------ Recorded information ------

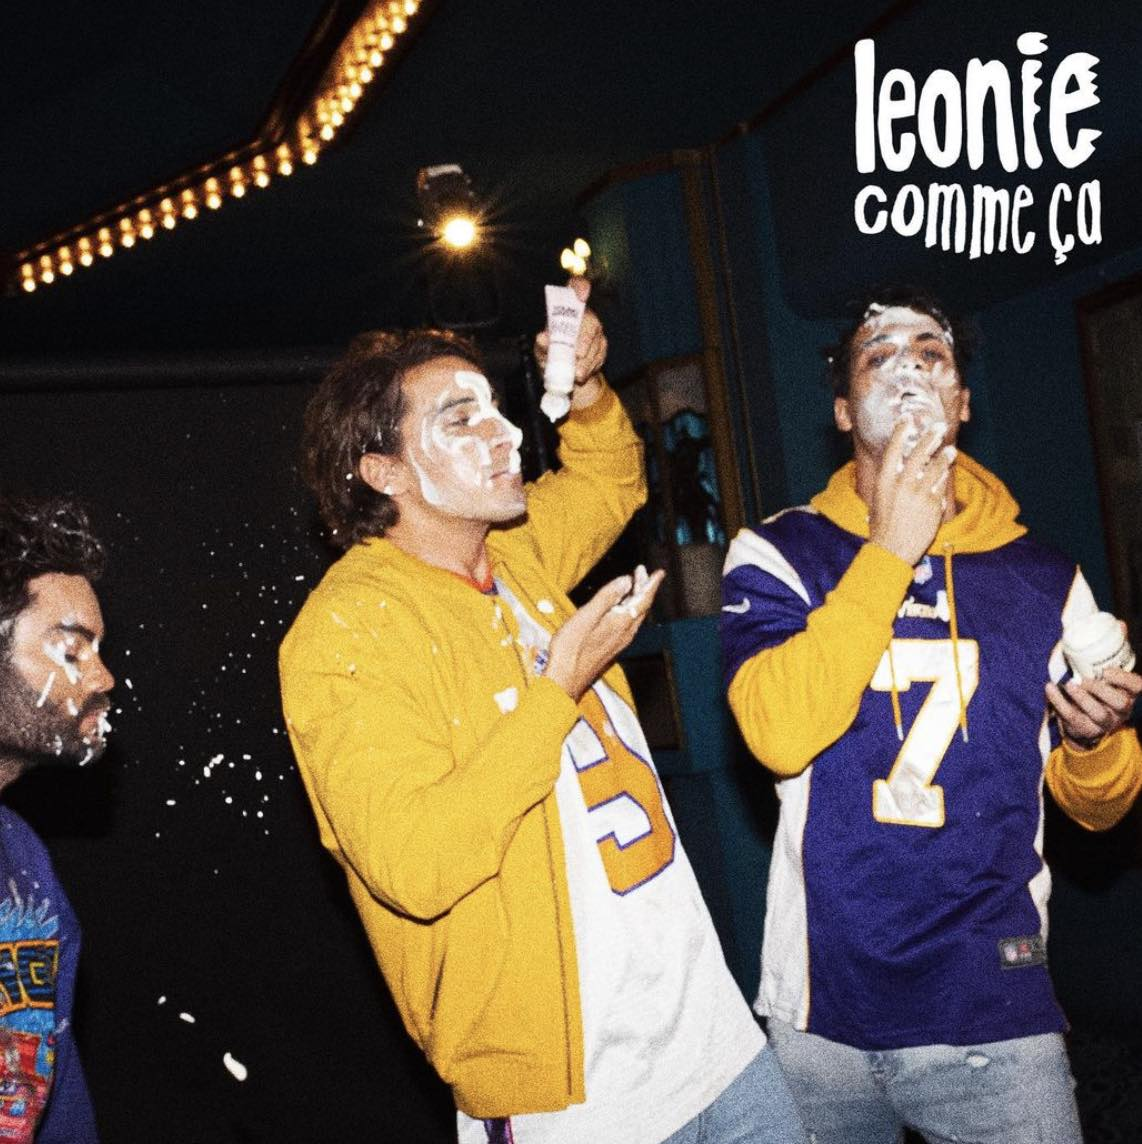 Leonie - Comme ça
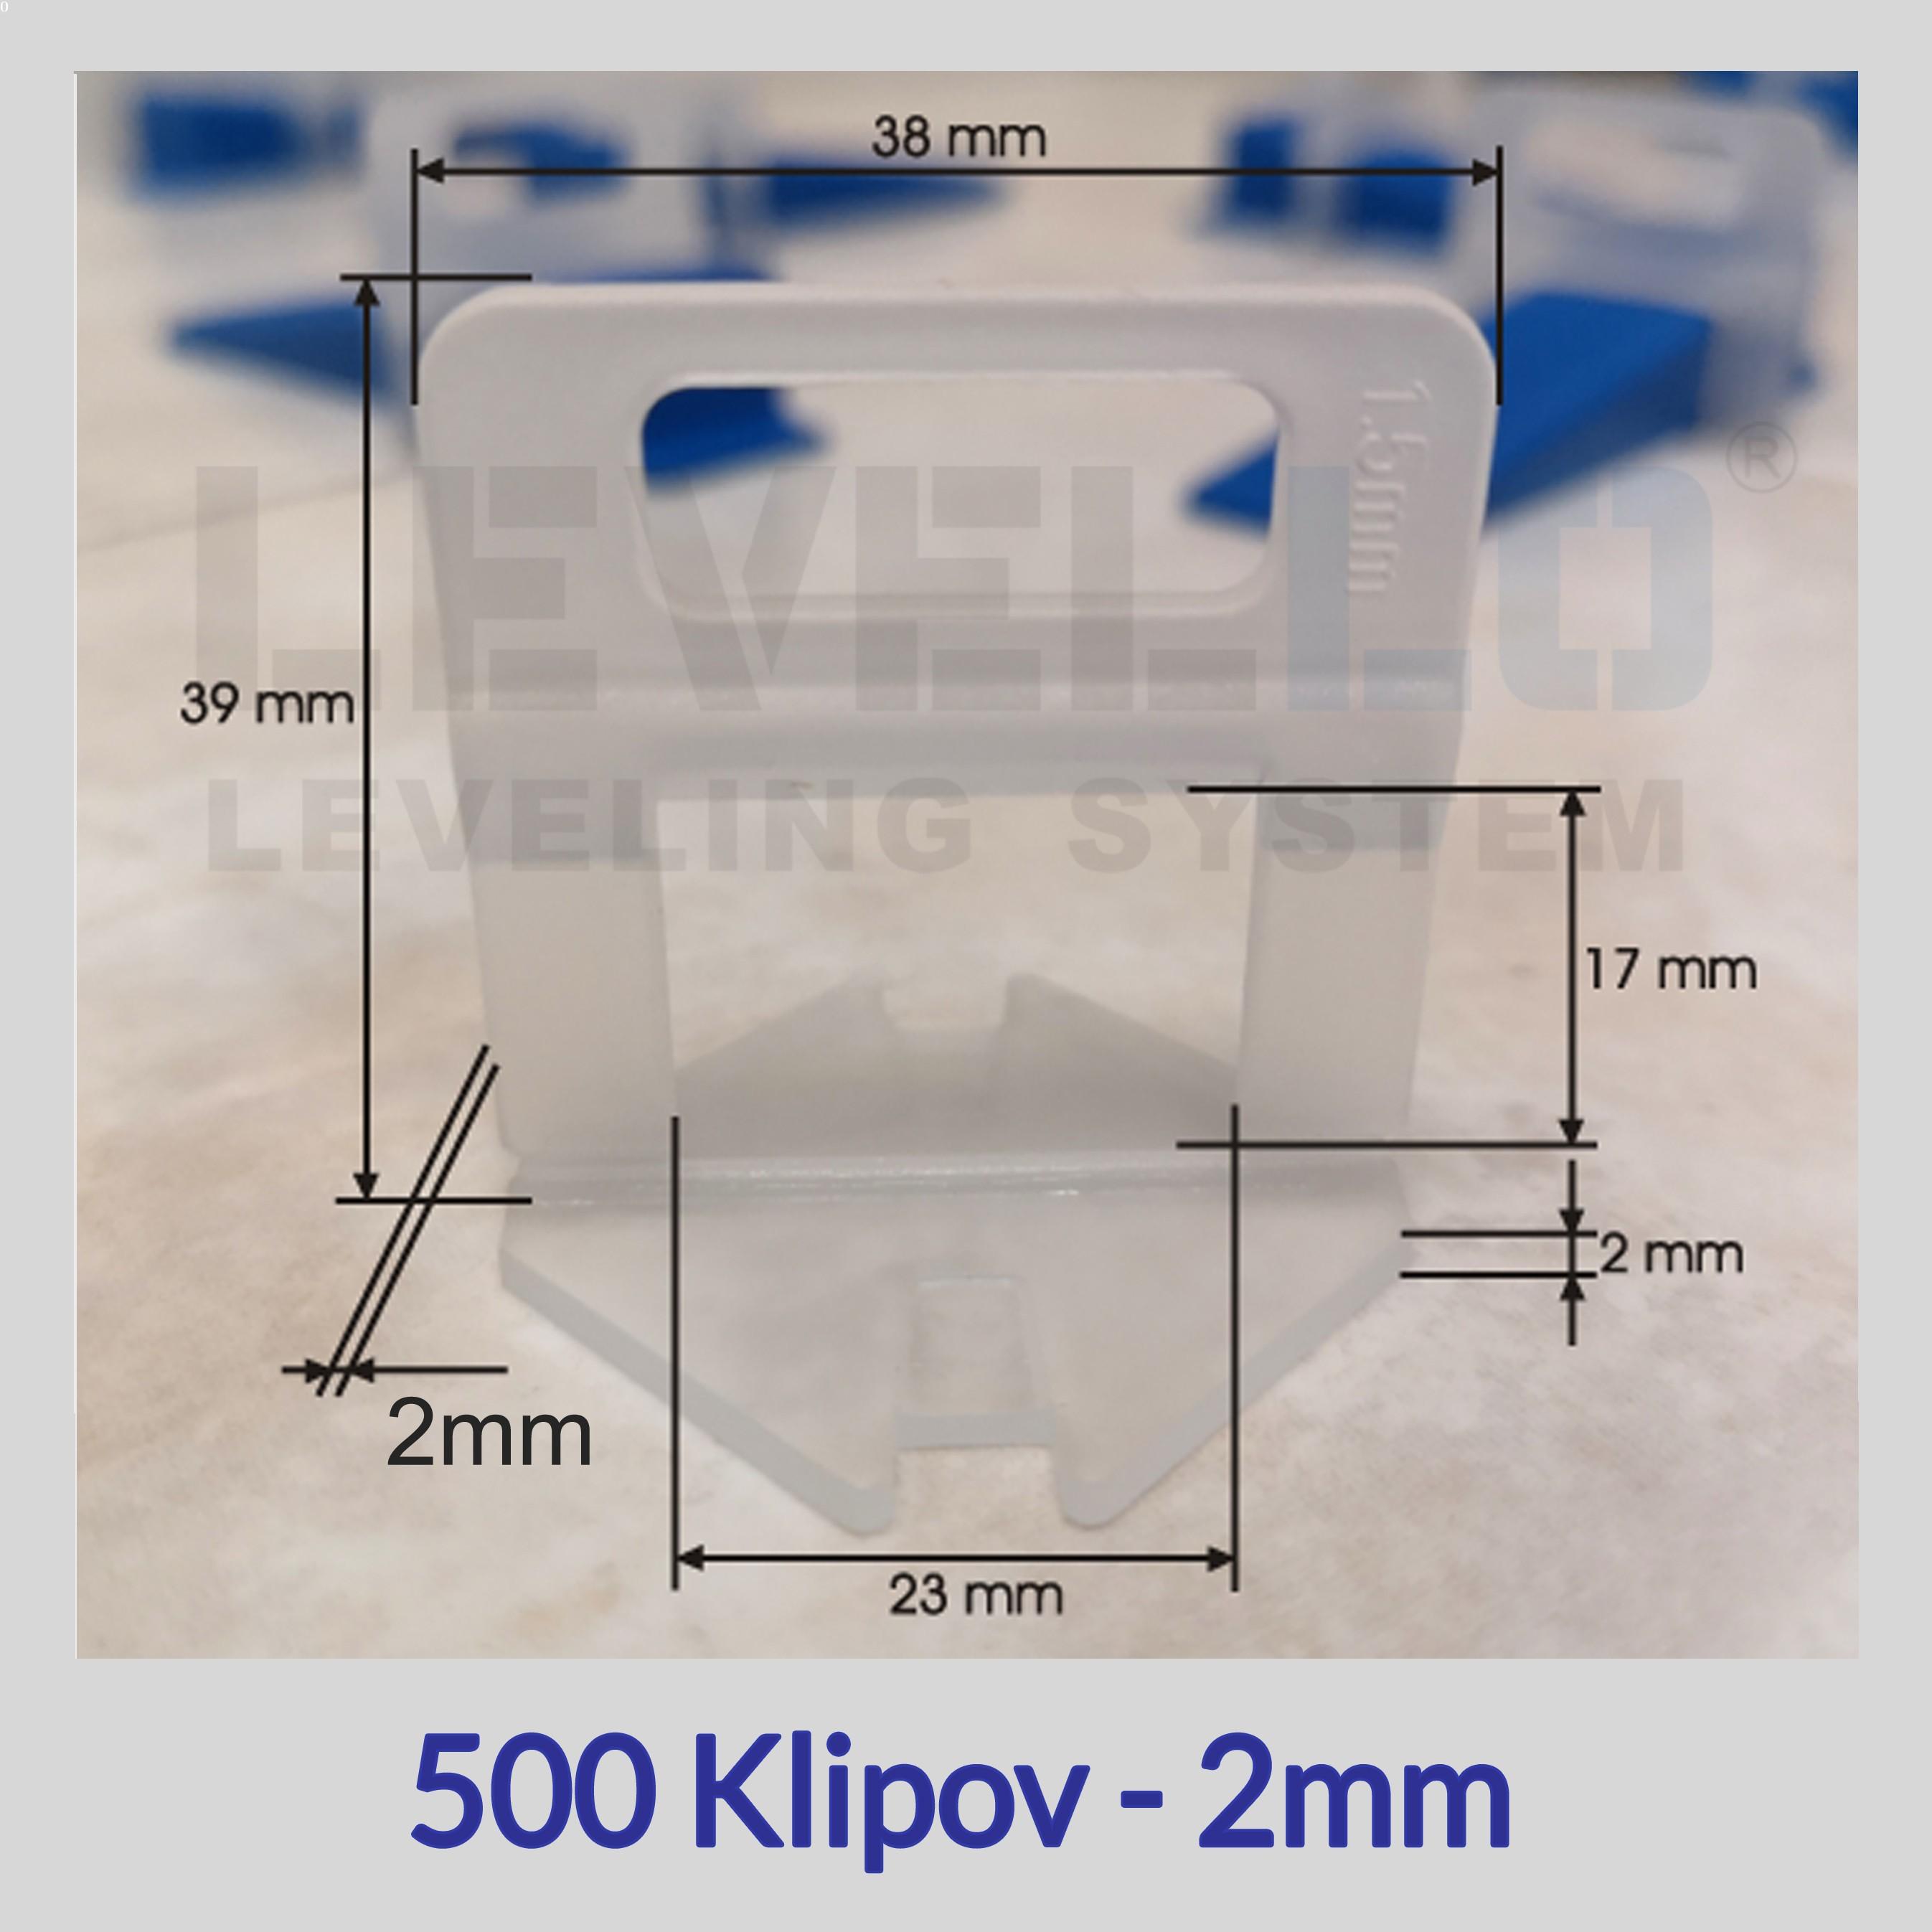 Klipy Eko LEVELLO ® 2 mm, 500 kusov
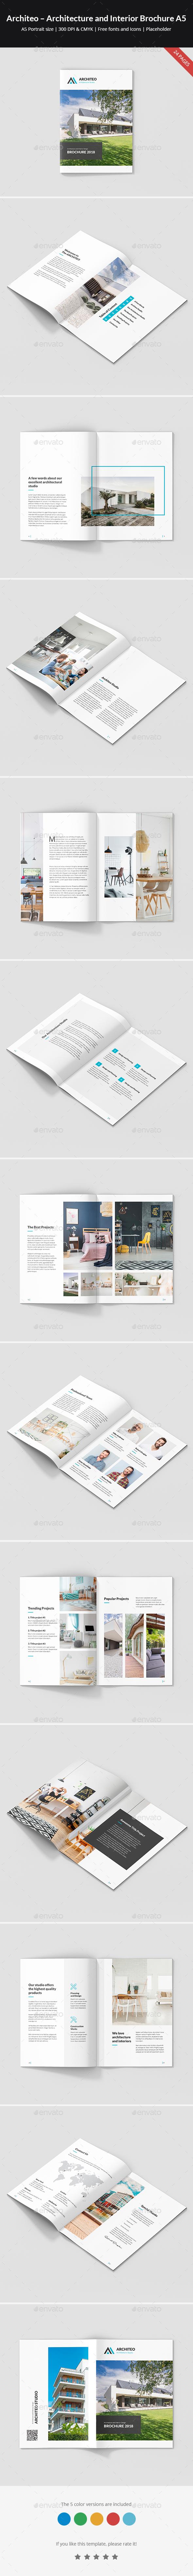 Architeo – Architecture and Interior Brochure A5 - Portfolio Brochures
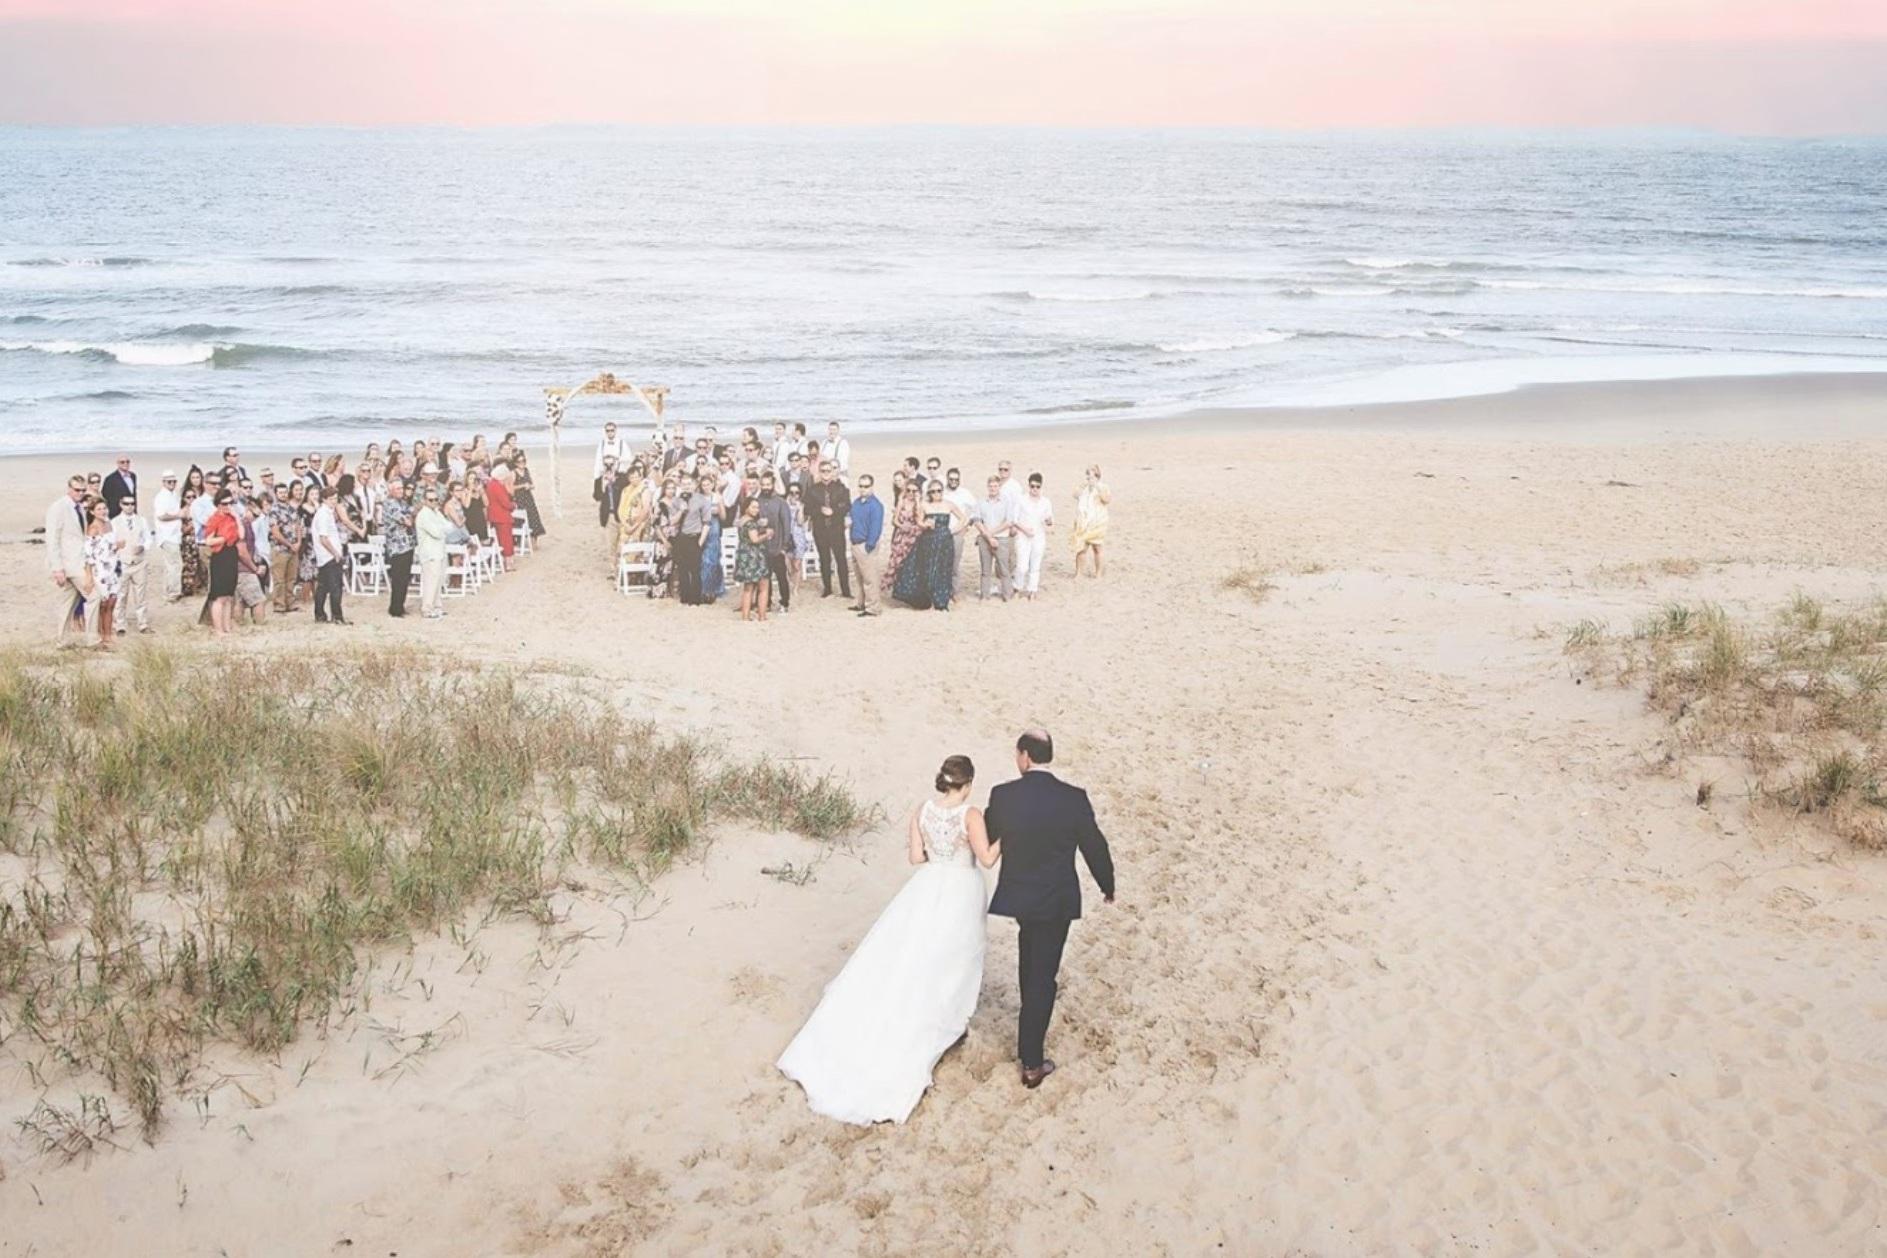 Alex+%2B+Corrine+-+Virginia+Beach+Wedding.jpg

------

About this task: Once the line with "Klipy Eko LEVELLO ® 2 mm, 500 kusov" is found, output it and every line after it through the end of the listing, exactly, without pictures.

Problem solution:
 Klipy Eko LEVELLO ® 2 mm, 500 kusov
 Architeo – Architecture and Interior Brochure A5 - Portfolio Brochures
 Alex+%2B+Corrine+-+Virginia+Beach+Wedding.jpg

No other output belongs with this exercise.